A day or two later we spent an afternoon at 798, Beijing's trendy art district. The bus dropped us off, leaving us to explore the galleries and shops, and the skies promptly let loose with a torrential downpour. When it showed no signs of letting up anytime soon, a handful of us ducked into a wine bar whose name now escapes me (and Google is not being helpful, boo!) This place was definitely more of a western-style wine bar, with the standard array of reds and whites subcategorized by country of origin, though I didn't recognize much of anything on the list. At the next table, a couple of Chinese hipster photographers were doing a food shoot, I'm guessing for the wine bar's menu. Despite the language barrier, I was able to recruit them to take a photo of us with my D80.

Being the resident wine expert of the group (hah, imagine that!) it largely fell to me to pick something, and with the waiter's help I settled on a bottle of something red, I think it may have been a zinfandel. It was alright, nothing to write home about, but not terrible and definitely a nice way to wait out a Beijing rainstorm.
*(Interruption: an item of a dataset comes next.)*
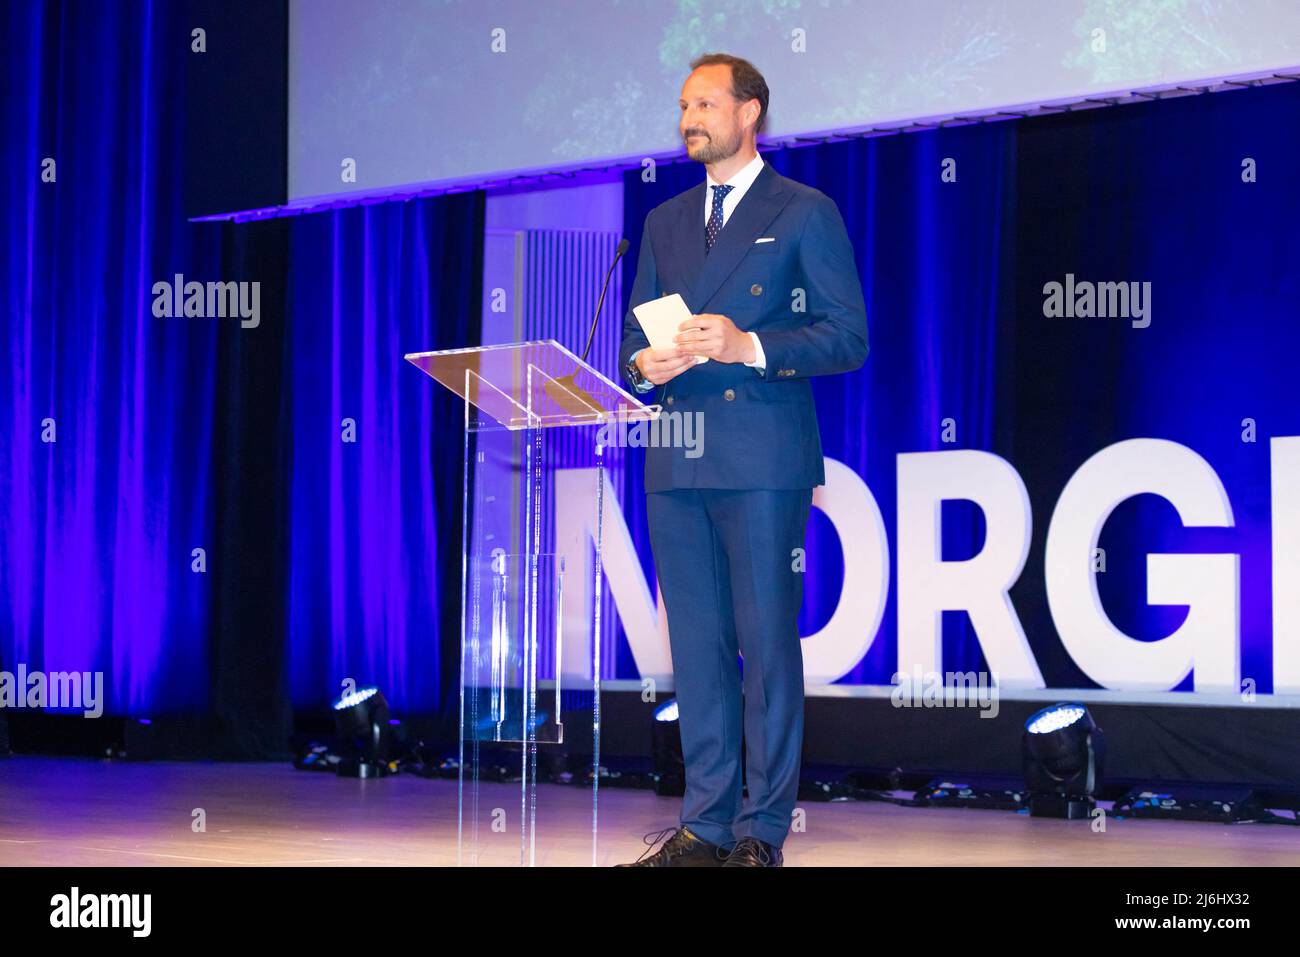 Sweden Prince Haakon at the Karolinska Institutet on the 1st day of the official 3 day visit of the Norwegian couple to Sweden. Stockholm, Sweden on April 2, 2022. Photo by Charlotte Brunzell/Stella Pictures/ABACAPRESS.COM Stock Photo

On our last night in Beijing we took the bus over to the bar district near Houhai and found a hipster restaurant, painted all in white. There was another photo shoot, this time on couches with models, happening next to our table. Again, we had a wine list. This one was smaller but of better quality than the one at the wine bar in 798 and I chose a glass of something red - again I have no recollection of what it was, but it was something I actually recognized and was impressed by. After dinner we stumbled across a tiny bar called The Awesomeness Bar, which was hidden away in a fairly dark alley off the street. We were the only customers, but it was, well, kinda awesome. The walls were covered with vintage board games and other hipster accouterments, the seating was a maze of mismatched plush sofas and chairs, and the music was classic jazz featuring the likes of Ella Fitzgerald and Louis Armstrong. When we walked in, one of the bartenders was shopping for bartending books on Amazon. Ha! No wine here, but delicious and expensive mixed drinks? Absolutely. Anyone looking for a chill place to drink with friends in Beijing should make it their mission to find the Awesomeness Bar.

Overall, my experience with ordering wine in China underscored Carl Crook's point about western-style wine appreciation being something that's just catching on among China's upper middle class. If we found it, it was in trendy hipster bars and restaurants.

In a historical context, it makes some sense. During the Cultural Revolution there definitely would not have been a place for wine. It probably would have been actively sought out for eradication, being either too intellectual (which was bad) or too foreign (which was also bad). It's only when the country reopened to the West in the early 1980s that it would have slowly begun to find its way back in. They're learning it from scratch, and today upper middle class aficionados in China use wine knowledge to gain prestige amongst their peers.

Who would have ever thought I would find a place where I'm considered an expert?

Interestingly, the whole experience of meeting Carl Crook and finding decent wine in Beijing led to my thesis topic, Chinese e-commerce. It doesn't focus on wine, per se, but uses Montrose Beijing's as an example when discussing how to best approach the Chinese market online.